All right. One such concept is the hypothesis. The literal meaning of hypothesis is it is a proposed explanation made on the basis of limited evidence as a starting point for further investigation. So, for the linear regression, the hypothesis function can be returned as h of x is equal to b zero plus b one x, where x is the input to this function and b zero and B one are the parameters. And our goal here is to find out the values of b zero and b one such that y becomes equal to h of x for the given observations. Let’s see what I mean by that. All right, we have this example from the previous lectures. This is a sample data set of number of hours of study versus the marks scored by a set of students. When we plot this data in the two dimensional space, it looks something like this. Now, we can draw a line like this, or like this, or something like this. And how do we know which one is the best representation of the data? That is where the cost function helps us in determining the best parameters. We consider the cost function for this linear function as one by two n multiplied by the sum of square of the errors between actual and predicted value n.
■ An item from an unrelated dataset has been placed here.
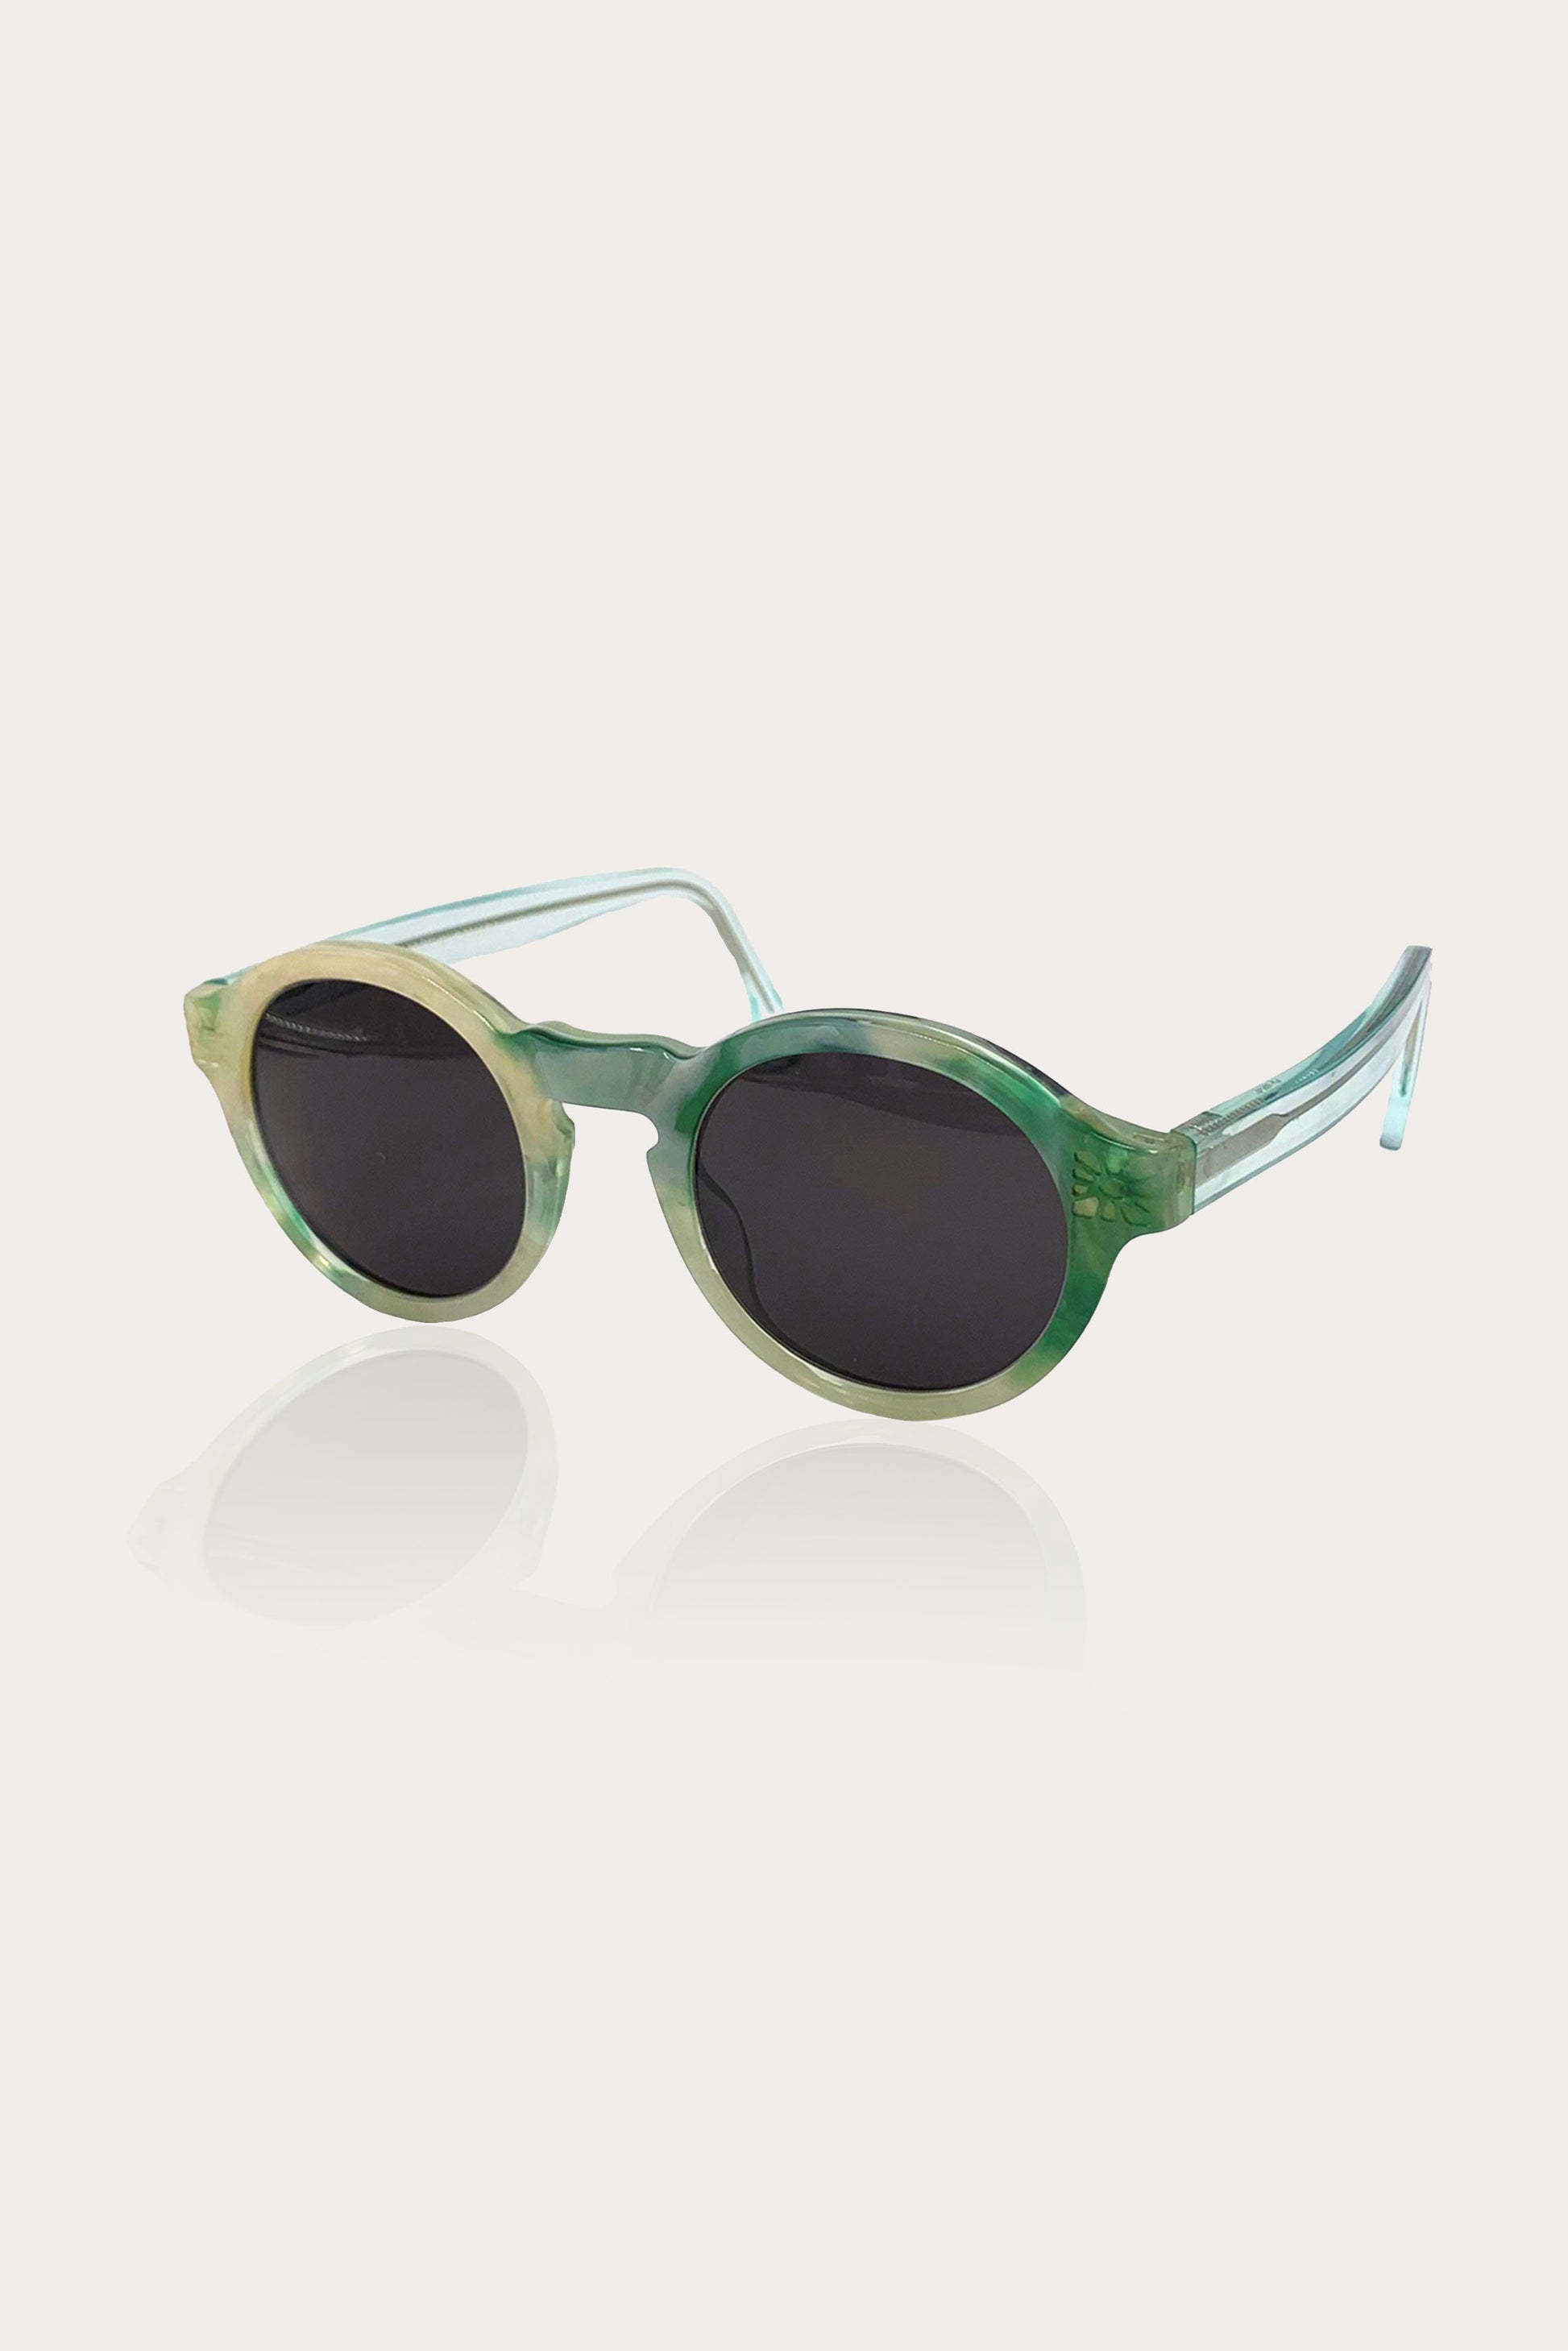  Round Sunglasses, large jade eyeglass frame with tinted lenses, made from Recycled Acetate
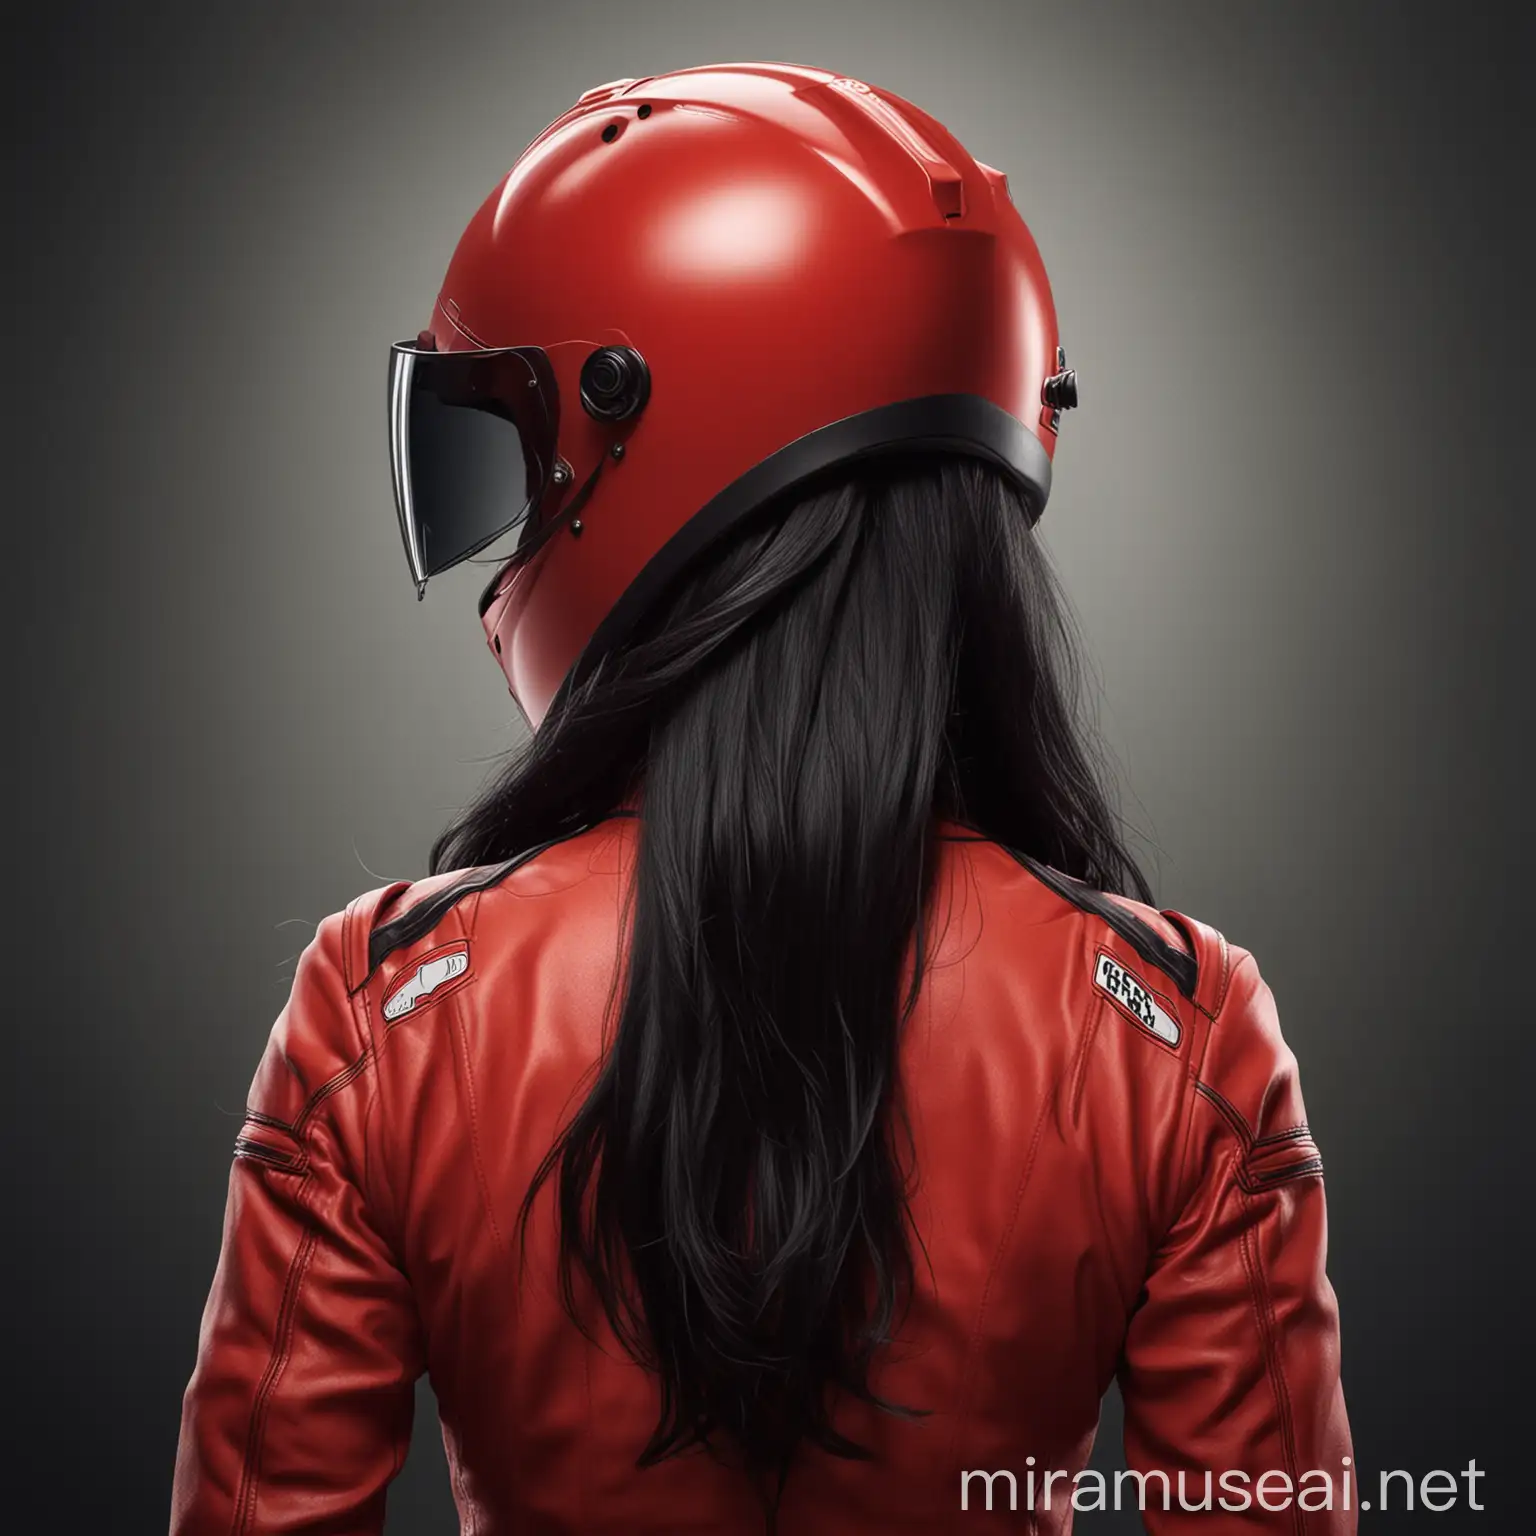 Woman in Red Race Suit and Helmet with Long Black Hair

Here is the number of observations. All right, let’s try to apply the same on our test data set. Let’s try this hypothesis with multiple values of b zero and b one. Firstly, let’s assume that the value of b zero is zero and b one is equal to one. In that case, our predicted marks for the first observation would be zero plus one multiplied by zero, which is nothing but zero. Similarly, the second predicted value will be zero plus one multiplied by two and hence two. When we fill in this entire table, it looks something like this. Basically, predicted marks takes the same value as the RSOF study in this particular hypothesis. So is that the correct one? Of course not, because we know what are the actual values.
Well, we need to calculate similar values for as many hypothetical values as possible. But before we do that, let’s also calculate our cost for this set of parameters. So we calculate the square of difference of actual and predicted values of y. We sum it all up and then multiply it by one by two n and n in this case is 13. You can pause the video and do this in Excel if you want to try it out yourself. You also have the results here as one nine four 4. 538. So when b zero is zero and b one is one, our cost as per this formula is equal to one nine four 4. 538. We then do the same for various other values of b one, keeping b zero as zero. That gives us all the possible values of costs for this parameter range here, b zero is zero. So we can plot it on a two dimensional plot and as you can see, it appears like a parabola. So the cost is very high in the beginning, but it gradually reduces and finally it reaches this bottom and starts increasing again. So the values associated with the parameters determine how your hypothesis behaves. And remember, our goal here is to find out a set of parameters that gives us the least possible cost for this hypothesis, so that the predicted y is as close to the actual y.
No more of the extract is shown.